2013年7月13日土曜日

患者さんのお話を整理することは重要な仕事


患者さんは精神的な疲れから頭の中が混乱した状態で来られることが多々あります。僕も含めて人間は誰でもそうですが、精神的な余裕がなくなると頭の中で整理ができずに、話が支離滅裂になります。そうなると自分でも何を言っているのかわからないときさえあります。僕たち精神科医はそれを承知した上で(短い診察時間の中で)、お話を整理しながらお聴きするようにしています。お話の交通整理とでも言いましょうか。

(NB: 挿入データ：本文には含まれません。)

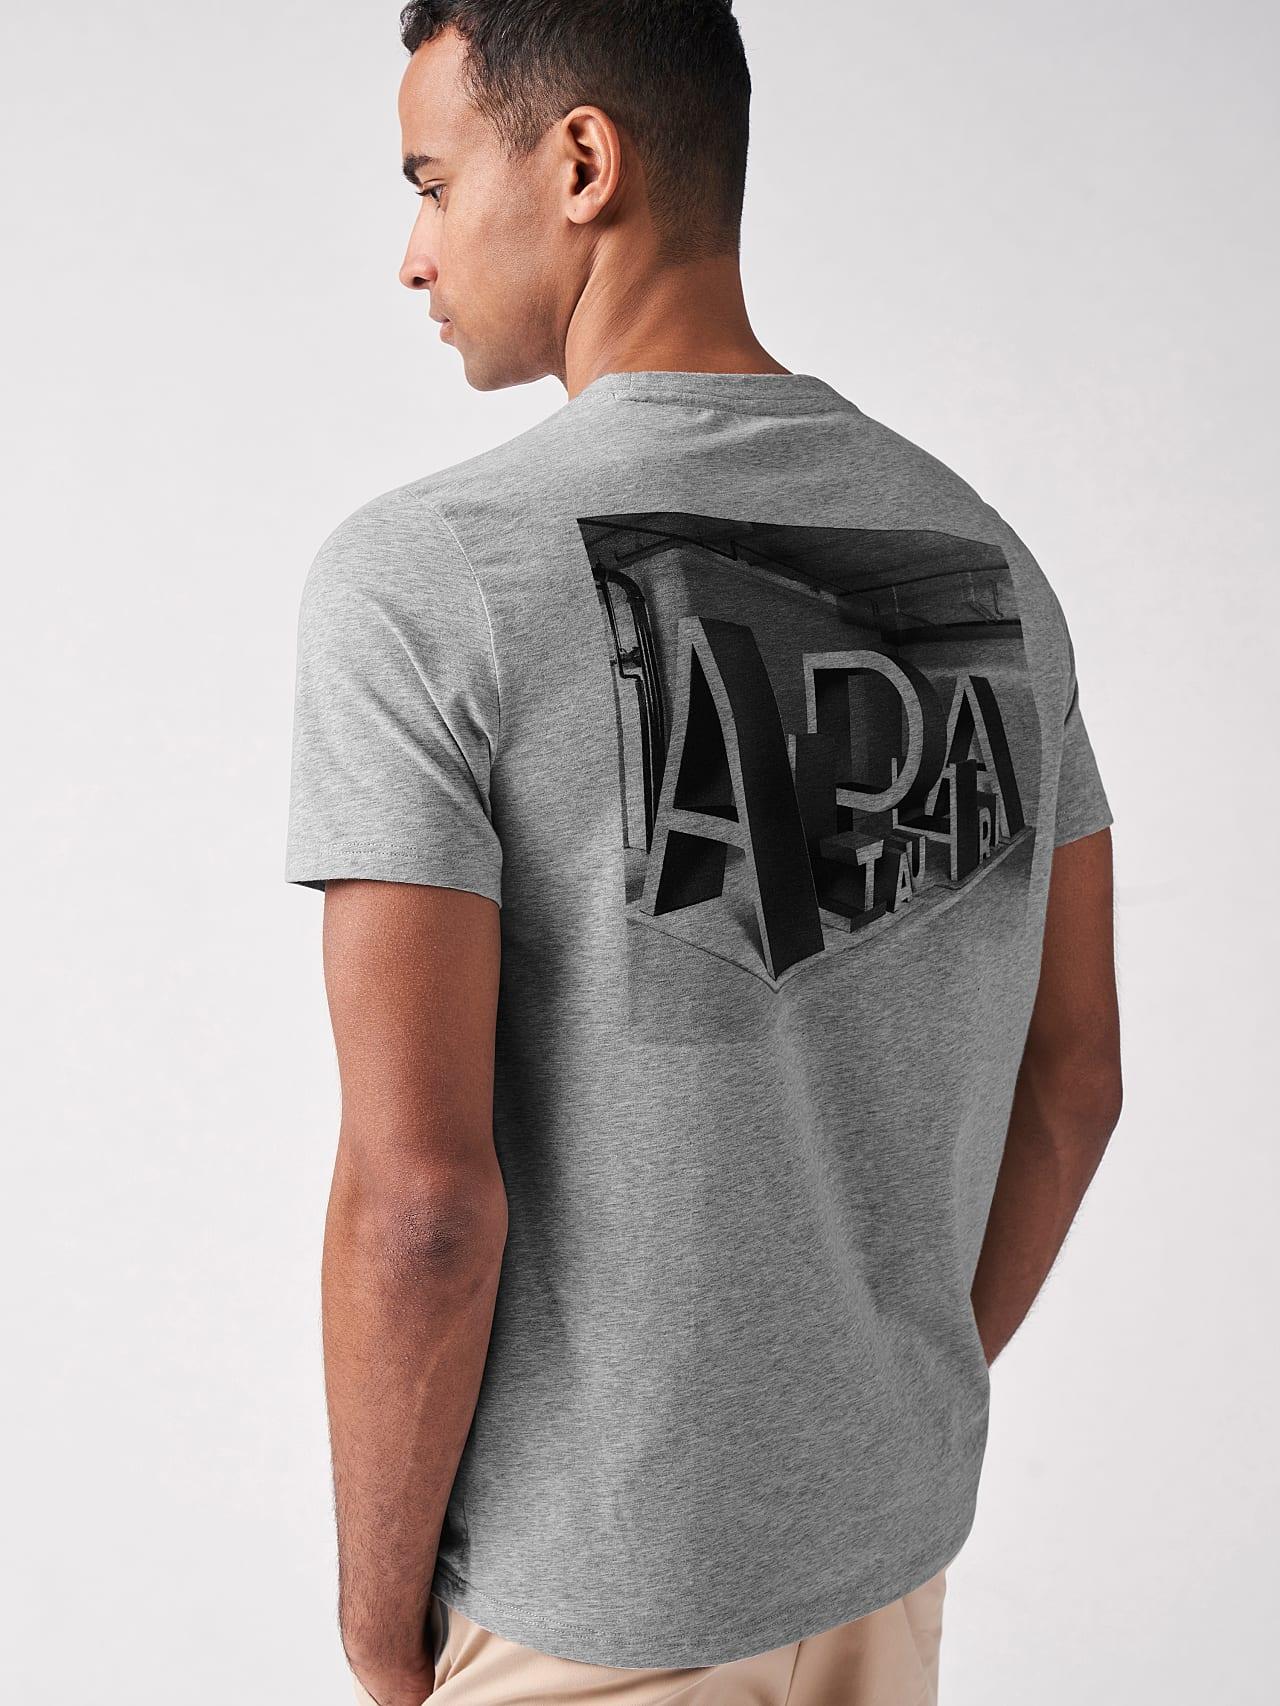 JALIP V1.Y5.01 Cotton Crew-Neck T-Shirt grey / melange Front Main Alpha Tauri

特に初診の方だと見ず知らずの初めて会う医者に、自分の内情をどこまで話していいのかわからない、緊張もする、しかも頭はかなり混乱している。これはかなりストレスがかかることです。僕はこの時内心、「話をそんなに上手にまとめようとしないでもいいですよ」と思っています。逆に言うと、ご自身の話を上手にまとめて話ができる人は状態としては軽症の可能性がありますし、能力的にも高いものをお持ちであると判断できます。

患者さんのお話をうまく整理してあげる能力が精神科医には必要です。話を整理してあげるだけで、今まで見えていなかった方向性が見えて患者さんがよくなられることがあります。うつ病の方は思考の視野だけでなく、実際に視野が狭くなるといわれています。そのときに、問題点や考えを整理することは大切な治療になるわけです。僕も患者さんのお話をもっと上手に整理できるようになりたいです。